Sometimes one or more pages on a website have little value to the user and the search engine, often because the content quality is poor.
Blocking the indexing of these pages allows internet users no longer to have the opportunity to see them appear on search result pages (if their content is of poor quality, there is little chance that it will happen, but you never know) in response to a search query.
Preventing the indexing of certain pages on a website also allows the search engine to save crawl time (crawl budget) and focus only on pages whose content is of higher quality.
In this article, I want to talk to you about blocking indexing for search engines. I will explain the benefits of forbidding a webpage from being in the index and give you the two ways to do it. At the end of this post, you will be able to de-index a page or send the right directives to your technical teams.
Why de-index a web page?
4 reasons exist to justify blocking the indexing of a web page:
- avoid internal duplicate content
- set aside pages that bring nothing to your organic SEO
- avoid legal prejudice
The <noindex> rule
Noindex is a set of rules represented in the form of meta or HTTP header that forbids the search engine from indexing the content of a web page. When a URL displays a noindex and the crawl bot passes over it, it detects the meta noindex tag or the HTTP header and knows that the content within the page should not be indexed. Note that Google will exclude the explored page from its index even if the page receives internal or external links.
Preventing the indexing of a web page’s content
You can apply the noindex rule by using:
- a <meta> tag
- an HTTP response header
You can also combine noindex with other rules that control indexing. For example, you can associate a nofollow indicator with a noindex rule: <meta name=”robots” content=”noindex, nofollow” />.

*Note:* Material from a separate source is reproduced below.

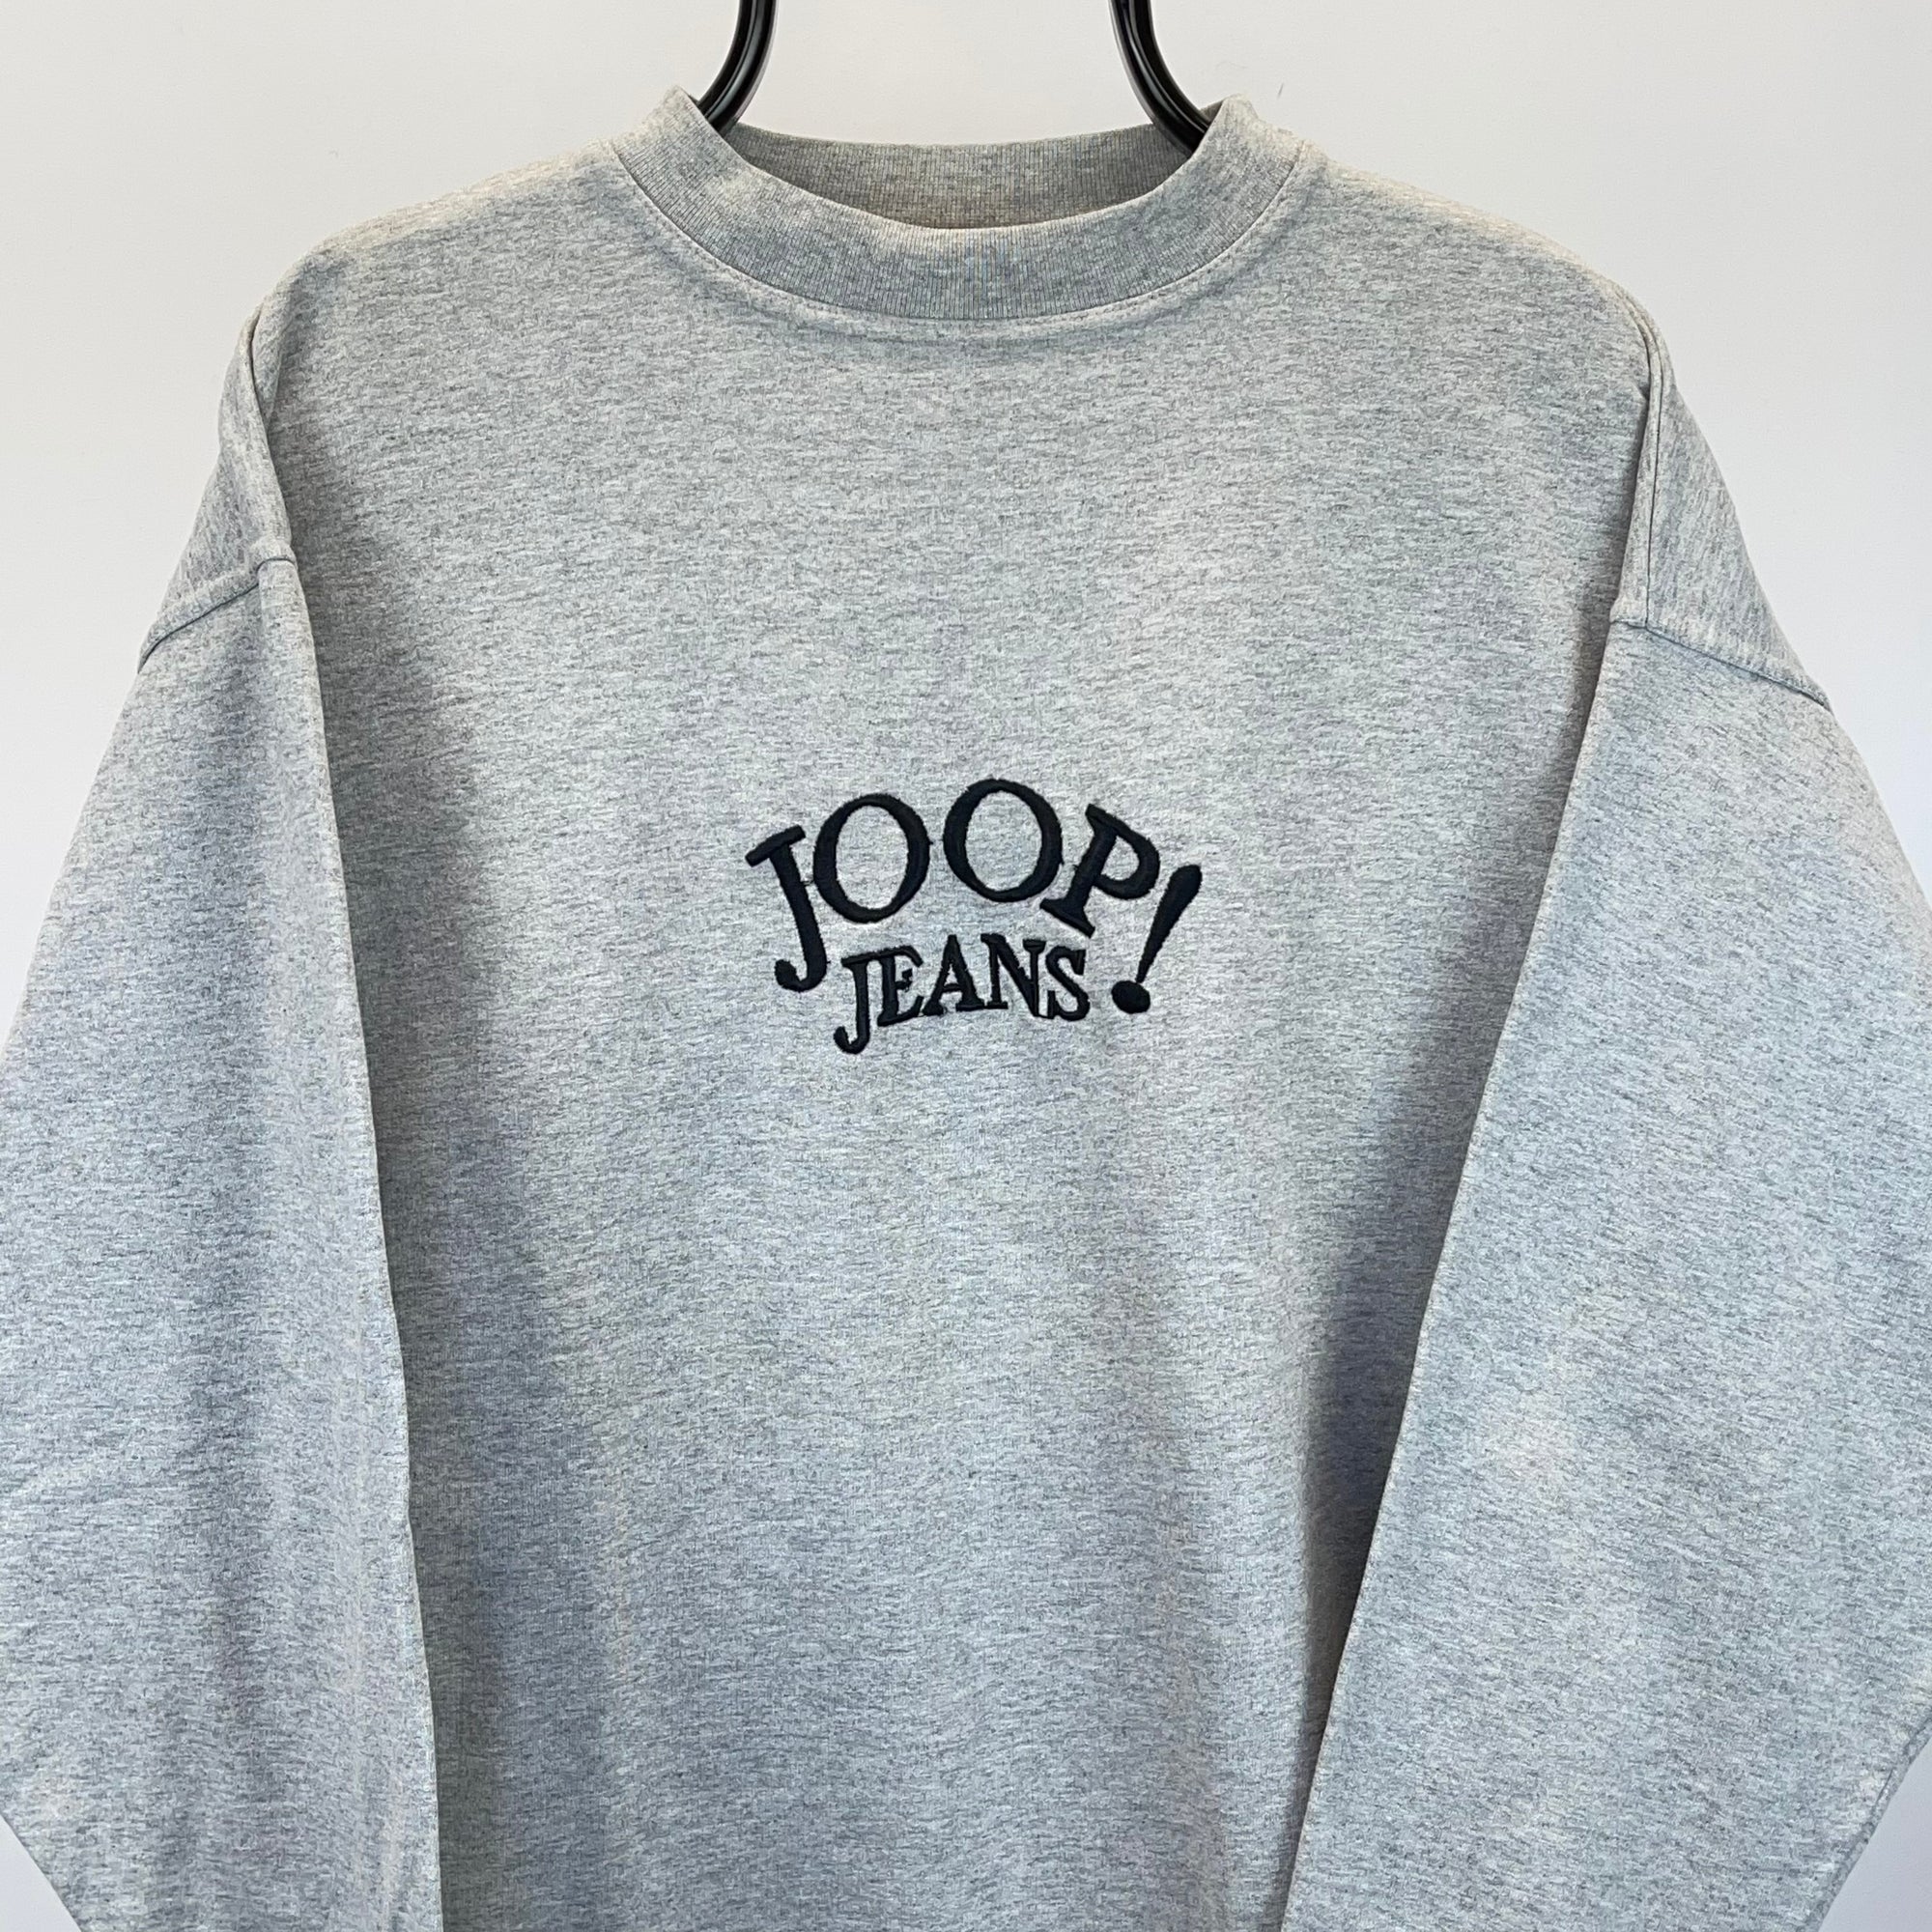 Vintage 90s Joop Jeans Spellout Sweatshirt in Grey - Men’s Large/Women’s XL
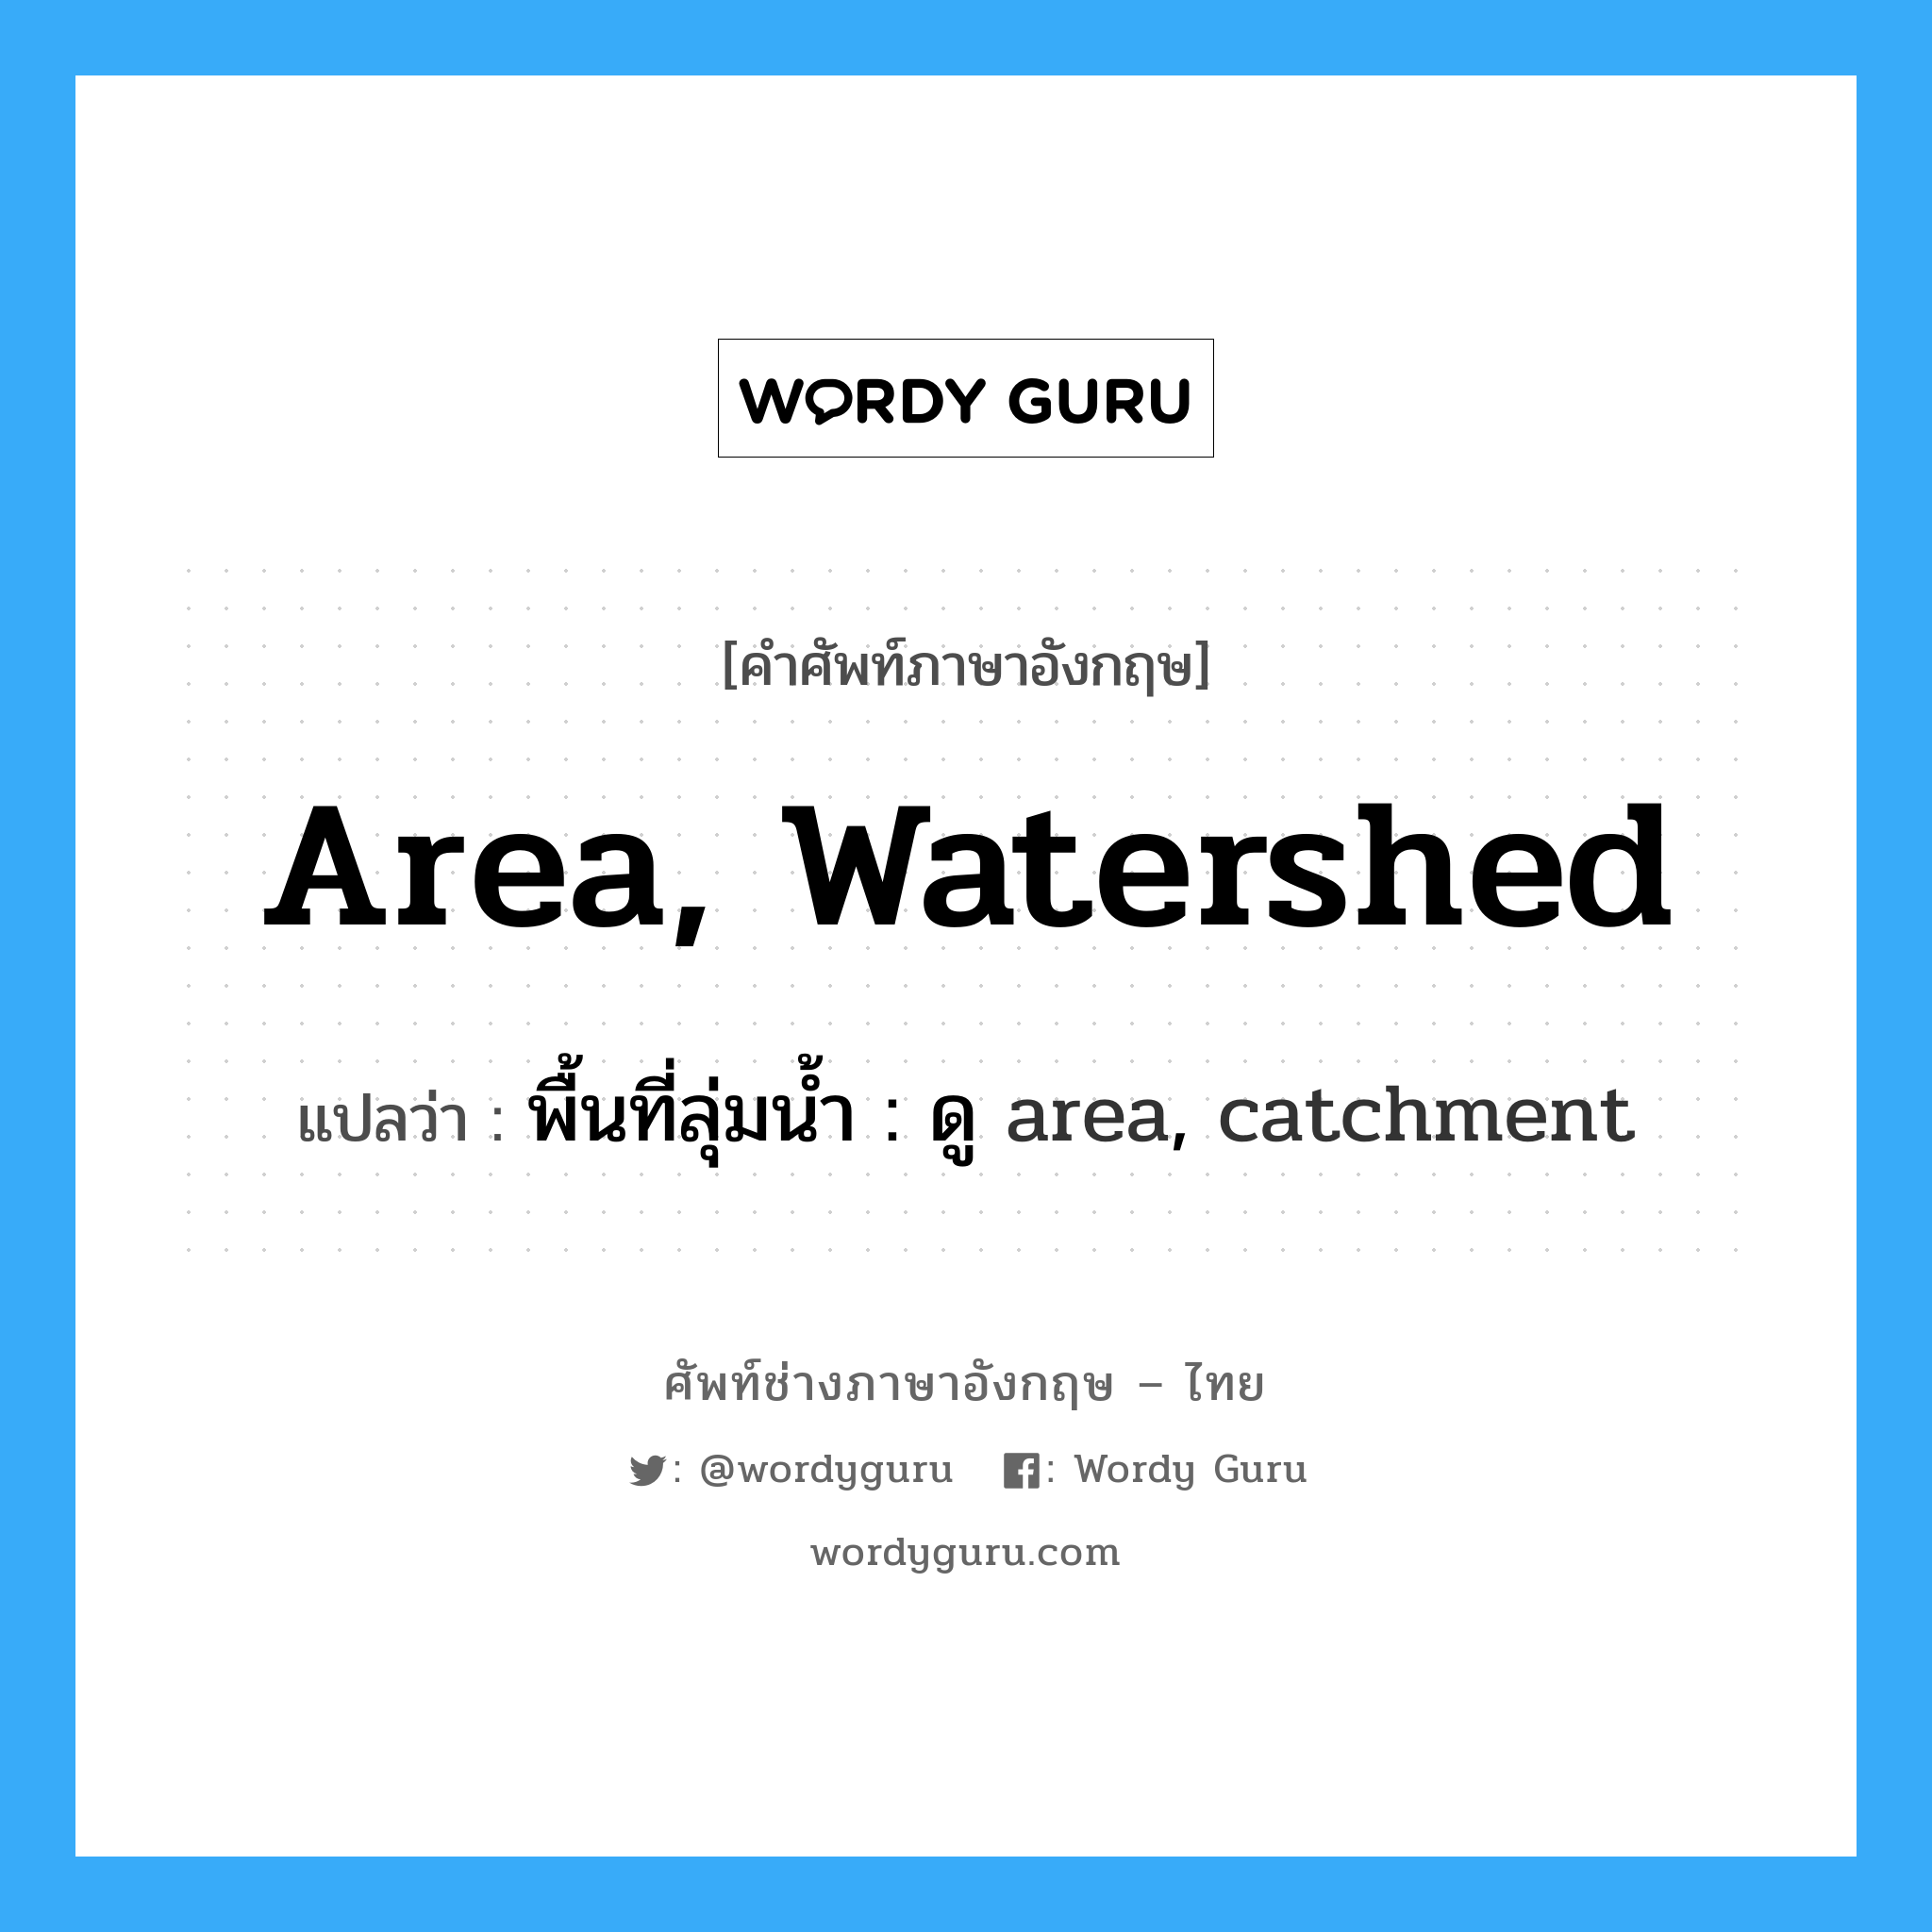 พื้นที่ลุ่มน้ำ : ดู area, catchment ภาษาอังกฤษ?, คำศัพท์ช่างภาษาอังกฤษ - ไทย พื้นที่ลุ่มน้ำ : ดู area, catchment คำศัพท์ภาษาอังกฤษ พื้นที่ลุ่มน้ำ : ดู area, catchment แปลว่า area, watershed

Prohibiting indexing of content with the <meta> tag
To prevent the content of your web page from being indexed by search engines, you simply need to place the <meta> tag in the <head> section of your page.
<meta name=”robots” content=”noindex”>
To prevent a particular search engine from indexing the content of your page, replace “robots” with the name of the search engine’s crawl bot.
<meta name=”googlebot” content=”noindex”>
Note that search engines have their interpretation of the noindex rule. Your page content may remain indexed despite the presence of the <noindex> meta tag, meaning that its content is displayed on search result pages.
Prohibiting indexing of content with the HTTP Header
The HTTP response header X-Robots-Tag is the alternative to the <noindex> meta tag. This HTTP header can contain the value noindex or none in its response. The X-Robots-Tag can be used for other types of resources other than HTML pages. Thus, the HTTP response header X-Robots-Tag can be used to forbid the indexing of PDF files, videos, and image files.
Here is an example of an HTTP response containing the X-Robots-Tag rule:
HTTP/1.1 200 OK
(…)
X-Robots-Tag: noindex
(…)
Prohibiting the indexing of a page is not very complicated. However, it is wise to think carefully about the consequences of de-indexing before applying it. I also remind you that noindex is considered “active” only from the moment the search engine’s crawl bots visit your page.
The importance of the page – a web page that ranks very well, receives link juice and traffic will be considered more important than a page receiving no visits or not positioned on any keyword – will determine how quickly or not the crawl bots will pass over your page.